Burning Mouth Syndrome

If you feel a burning pain instead of a stinging one, you may have what’s known as burning mouth syndrome. This condition can be persistent and isn’t necessarily triggered by foods or other habits. 

Medical conditions such as diabetes, thyroid problems, or a nutrient deficiency can cause burning mouth syndrome, and consuming certain foods can worsen the burning sensation. Burning mouth syndrome can also be a side effect of geographic tongue, which can be an inflammatory response but is usually harmless.

If you feel a burning sensation in your mouth that doesn’t go away after a few days or gets progressively worse, visit a doctor. 

Reactions to Medication 

Certain medications can cause you to experience tongue pain at regular intervals. Some antibiotics and anti-inflammatory medications can cause mouth ulcers and other conditions that may result in tongue pain. 

If you experience any side reactions or you get mouth ulcers after using certain medication, inform your doctor immediately. 

Nutrient Deficiencies 

A vitamin deficiency can result in several oral problems, including tongue pain and mouth ulcers. For example, a lack of zinc is linked to burning mouth syndrome, while a vitamin B deficiency can cause your tongue to turn red and be more sensitive to certain foods. 

When Should I See a Doctor?

If you’ve just bitten your tongue and you’re experiencing mild pain, there’s no need to visit your doctor.

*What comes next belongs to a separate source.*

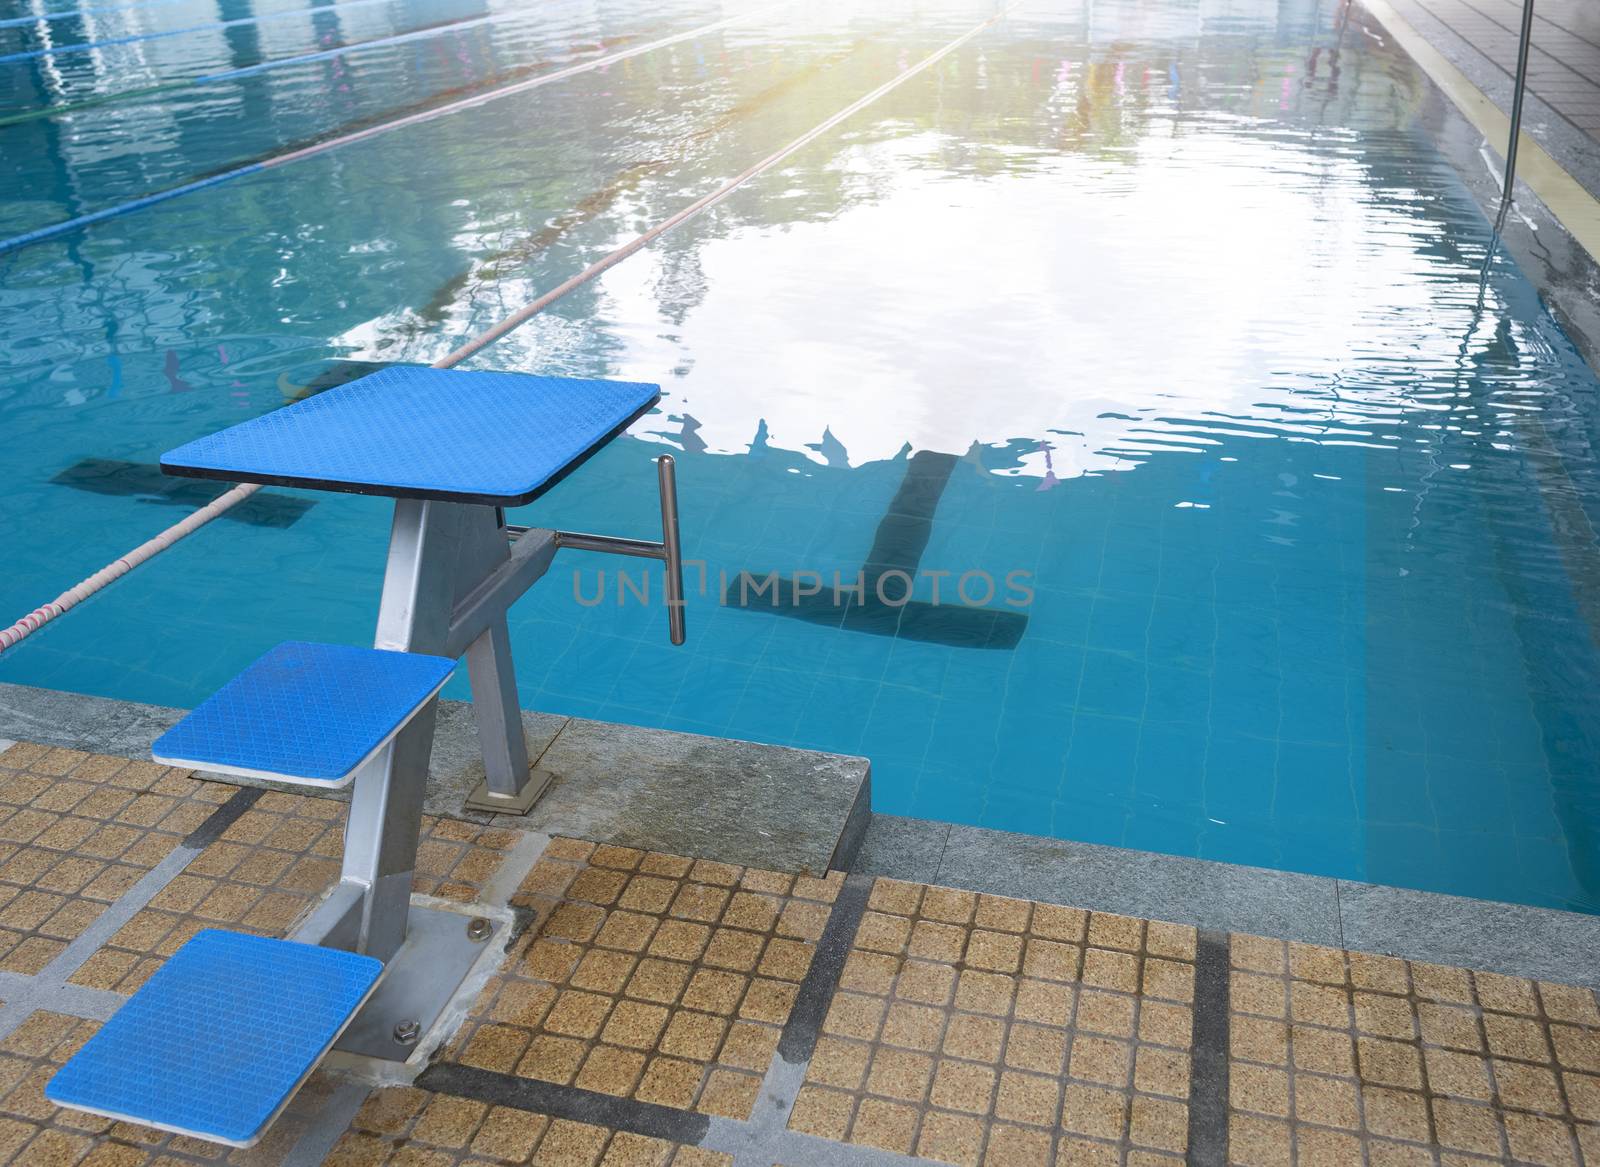 Swimming pool with marked lanes and quiet standing water. Water . With copy space for text or design
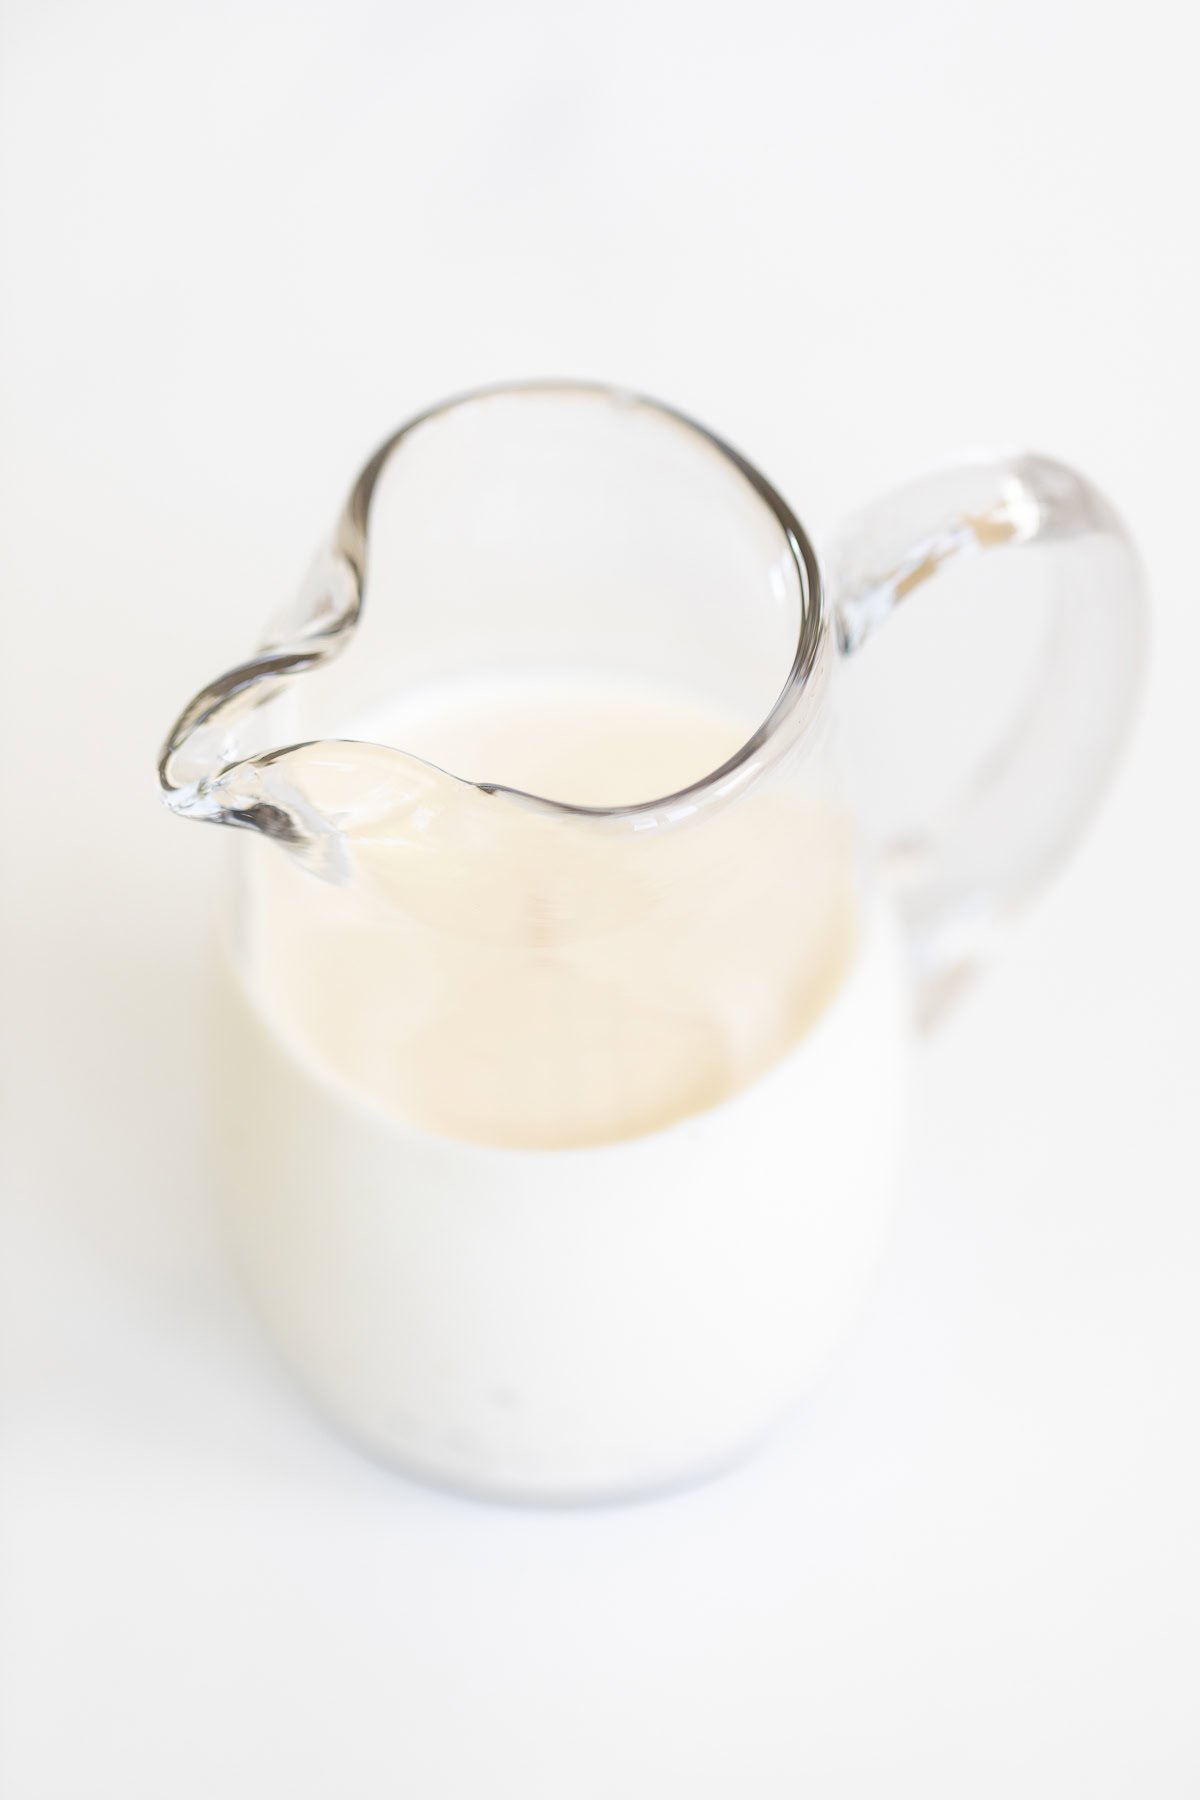 Clear glass pitcher filled with creamy pasta salad dressing on a white background.

However, if you notice changes in tongue color, a lack of taste, pimples, or a swollen tongue accompanied by pain, you should visit your doctor for a checkup. 

Often, these tongue problems are an indication of a worse underlying medical condition, and visiting your doctor can help you get an early diagnosis. 

If any lesion lasts more than two weeks, then it’s also time to visit a professional.

Keeping up with your twice yearly dental visits is great way to keep tongue issues at bay. Your dentist and hygienist should be performing an oral cancer screening at each visit, and this check is key to catching any suspicious lesions early on.

Establishing Good Tongue Care Habits 

While you can’t always prevent tongue pain caused by underlying medical conditions, you can reduce the risk of major tongue problems through proper tongue care. 

Here are some tongue care habits to follow for good oral hygiene: 

  • Don’t forget to floss daily to clean bacteria and plaque in hard-to-reach areas. 
  • Avoid eating foods that are too spicy or sour or foods that contain high levels of acid. 
  • Visit a dentist twice a year as part of your routine checkup schedule.